Сесиль разозлилась, но ответила очень спокойно:
— А ты всегда был и останешься жалким претенциозным придурком. Как Сартр.
Франк ушел, хлопнув дверью. Мы с Сесиль остались ждать. Он не вернулся, но она на меня не разозлилась. Я попытался утешить ее и заступиться за Франка. Для нее этот спор был делом принципа. Чем-то жизненно важным, первостепенным. Я сказал, что я против такой принципиальности.
— Оставим эту тему. Он не прав, — ответила она и протянула мне толстую книгу, одну из тех, что были уложены в стопки на полу гостиной.

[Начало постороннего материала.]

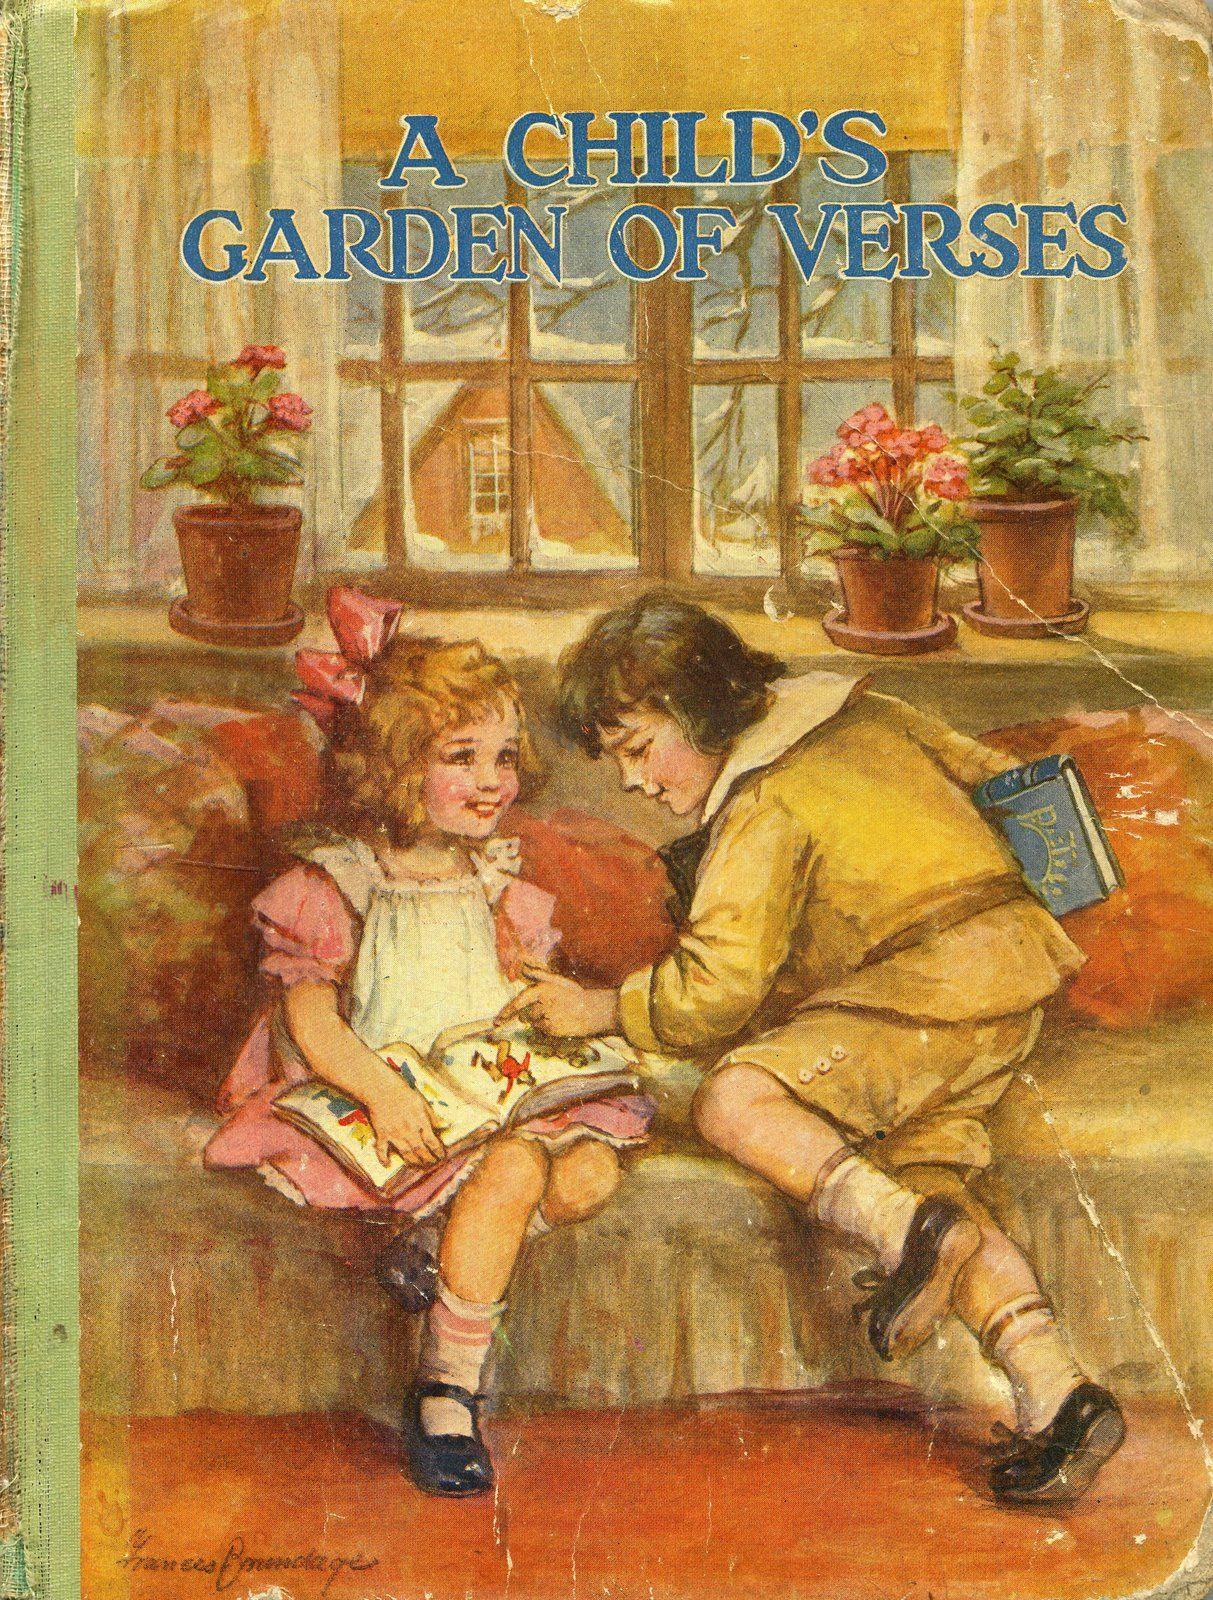 Frances brundage old childrens books childrens books

— «Человек бунтующий», Альбер Камю.
— Вряд ли я пойму.
Она открыла книгу, и я прочел первую строчку: «Кто такой человек бунтующий? Тот, кто говорит „нет“». Мысль не показалась мне сложной, и я заинтересовался. Означает ли это, что я тоже взбунтовался?
— Прочти, сам все поймешь. Читабельность Сартра раздражает их сильней всего. А еще светлый ум. Они ненавидят Сартра, потому что он прав, хотя я не во всем с ним согласна. На мой вкус он слишком человечен. Иногда следует быть более радикальным. Понимаешь?
Вечером, за ужином, я не смог удержаться и спросил:
— Угадайте, кого я сегодня видел за шахматной доской?
Франк сделал мне «страшные» глаза, но я его проигнорировал и все рассказал. Папа пришел в восторг и счел нужным пояснить маме, что Сартр — известнейший философ-коммунист.
— Он не коммунист, а экзистенциалист.
Этот нюанс был недоступен папиному пониманию.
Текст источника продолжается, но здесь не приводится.